# Xorg  and internet on VMware Fusion 4



## JayBlue (Mar 14, 2012)

Hello,

I was planning on running 9.0 on a VM learn from the handbook and everything around until I am confident to use it as my main OS without issues.

Though, I don't seem to be able install x.org without internet (I get an error http://postimage.org/image/zdmpbciwd/) and I don't really know how to configure my internet as I am using a dongle, I made the VM use NAT but I failed at that too. I kept looking around and searching, tried everything I could find hoping I'd hit but it all missed.

I am using the dvd1.iso to install directly without burning it to a dvd (though I have the memstick and the cd too).
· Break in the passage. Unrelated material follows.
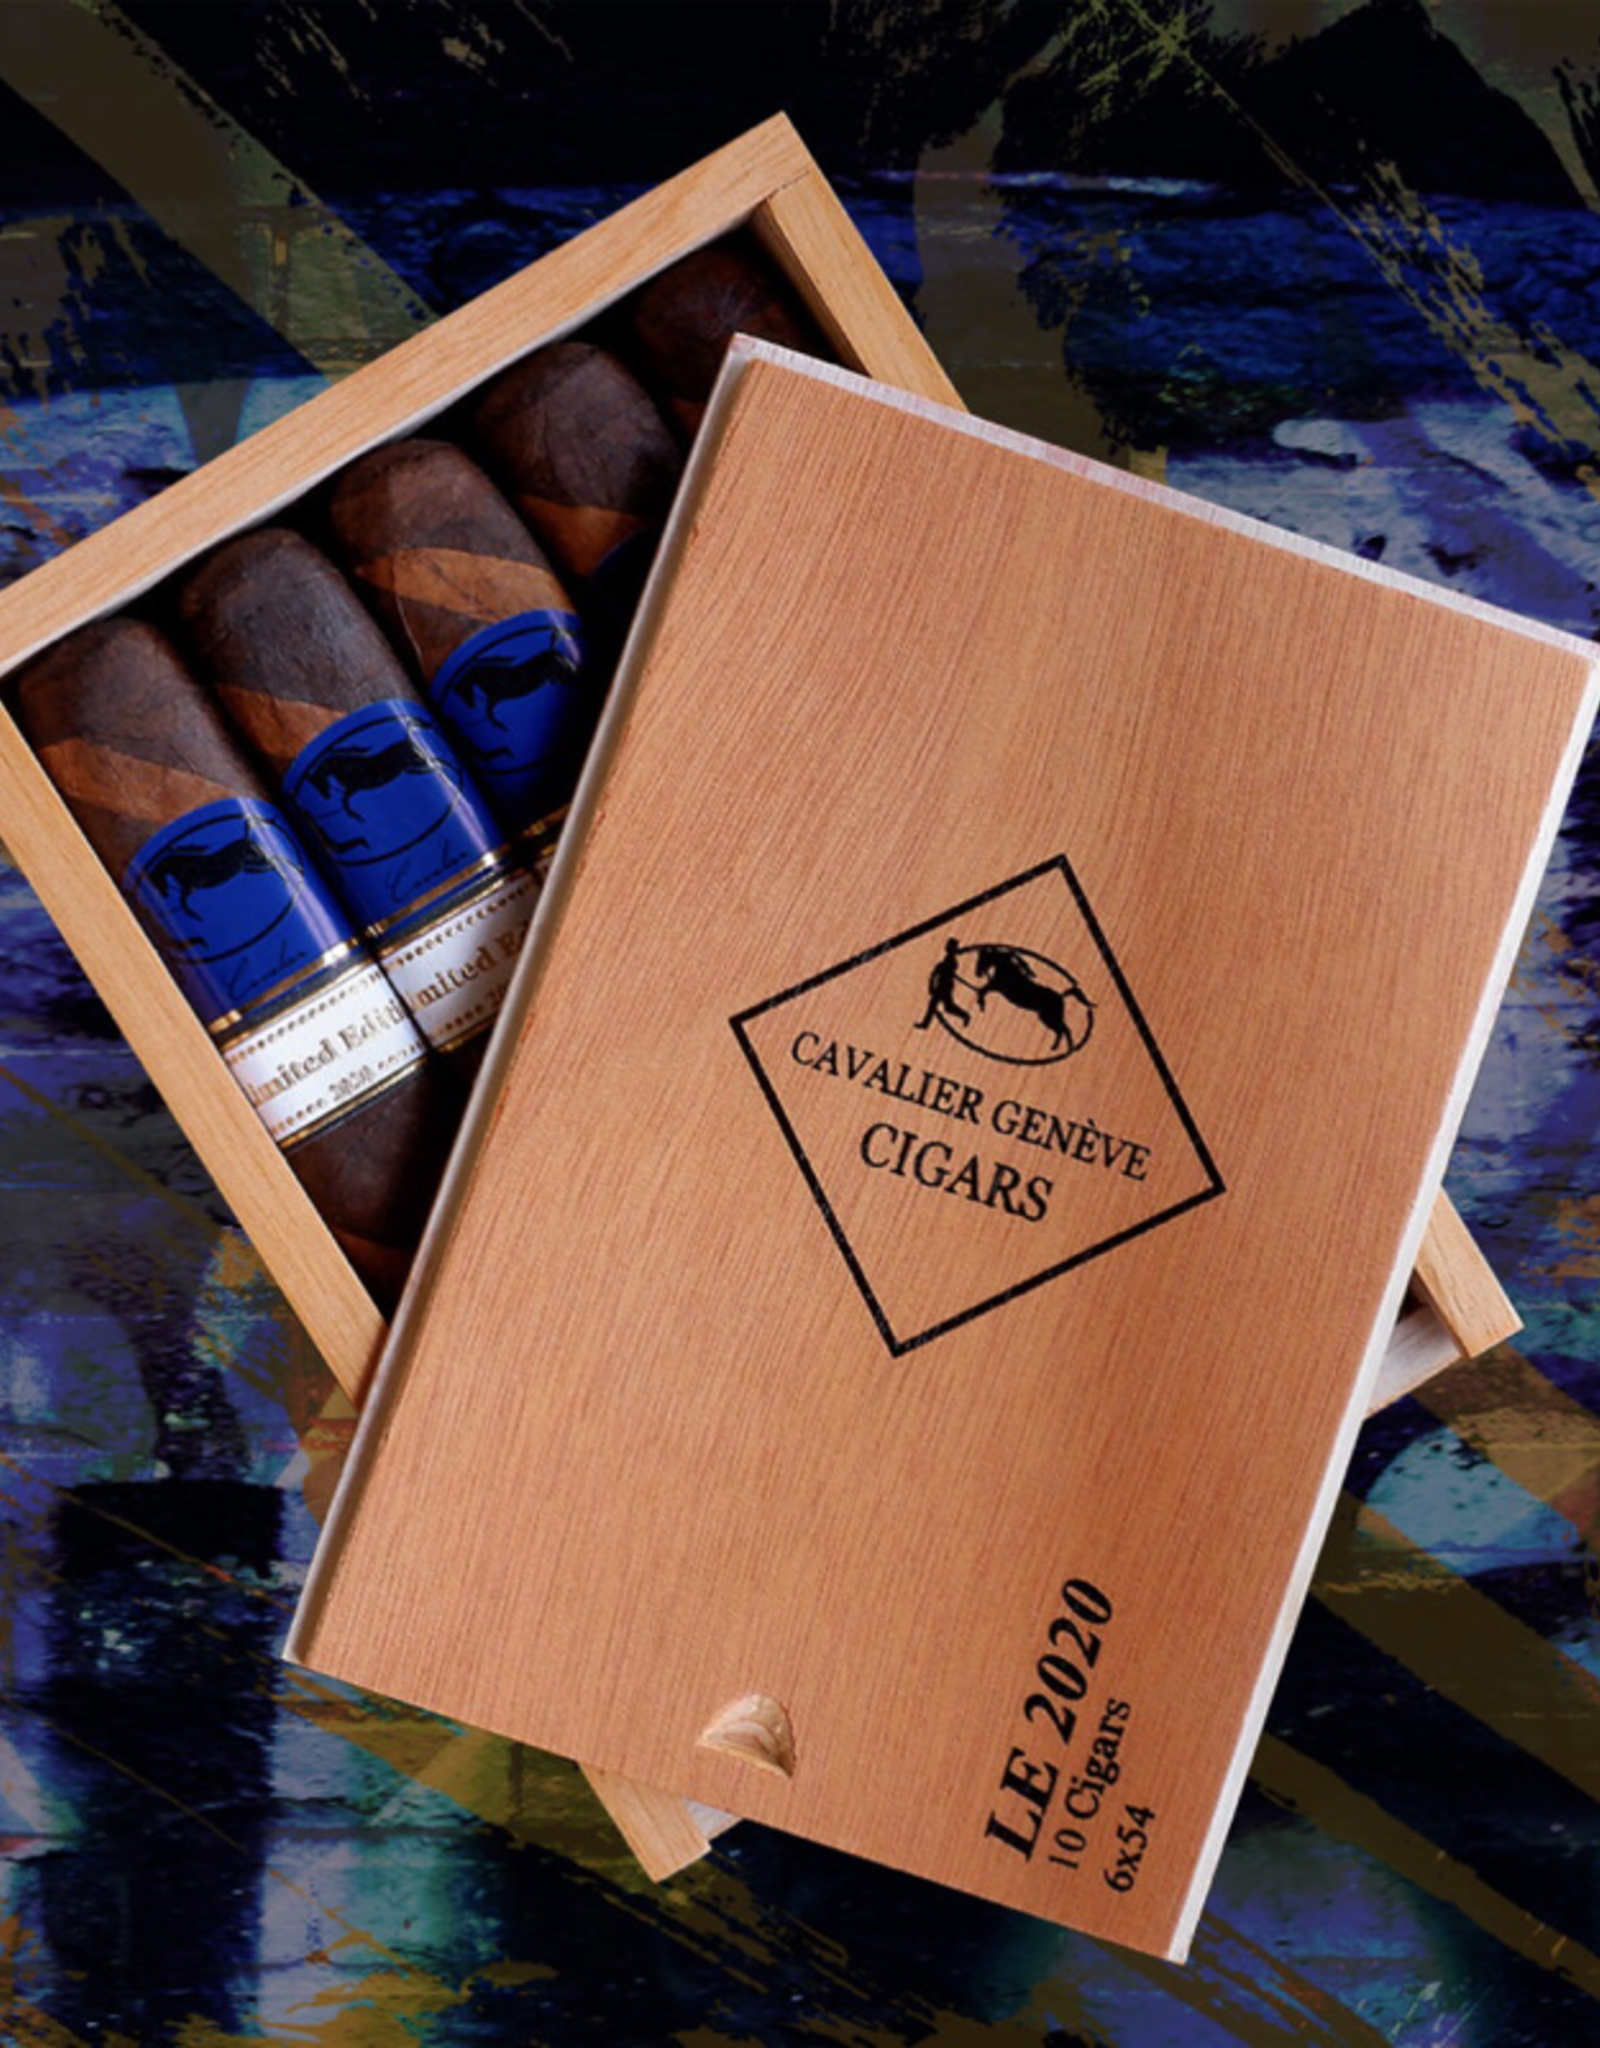 Cavalier Geneve Cavalier Geneve Blue Series Limited Edition 2020 Box of 10

I don't really know what I am missing or doing wrong, can anyone help so that I can get  through post-installation configuration after all this time? 


Thanks in advance


----------



## SirDice (Mar 14, 2012)

Use DHCP on the FreeBSD guest. Depending on how your internet is setup, set the VM to use host based or NAT networking. DHCP should do the rest on the FreeBSD side.


----------



## JayBlue (Mar 14, 2012)

I can't believe I've been looking for a work-around without internet all this time when this works. When I tried to configure it before, I got like 5 interfaces and when I tried DHCP with half of them I had to enter things manually, so I just assumed that I will have to have extra information. Now I just went through it all until I found the right one.

Thanks a lot, at last I can do something


----------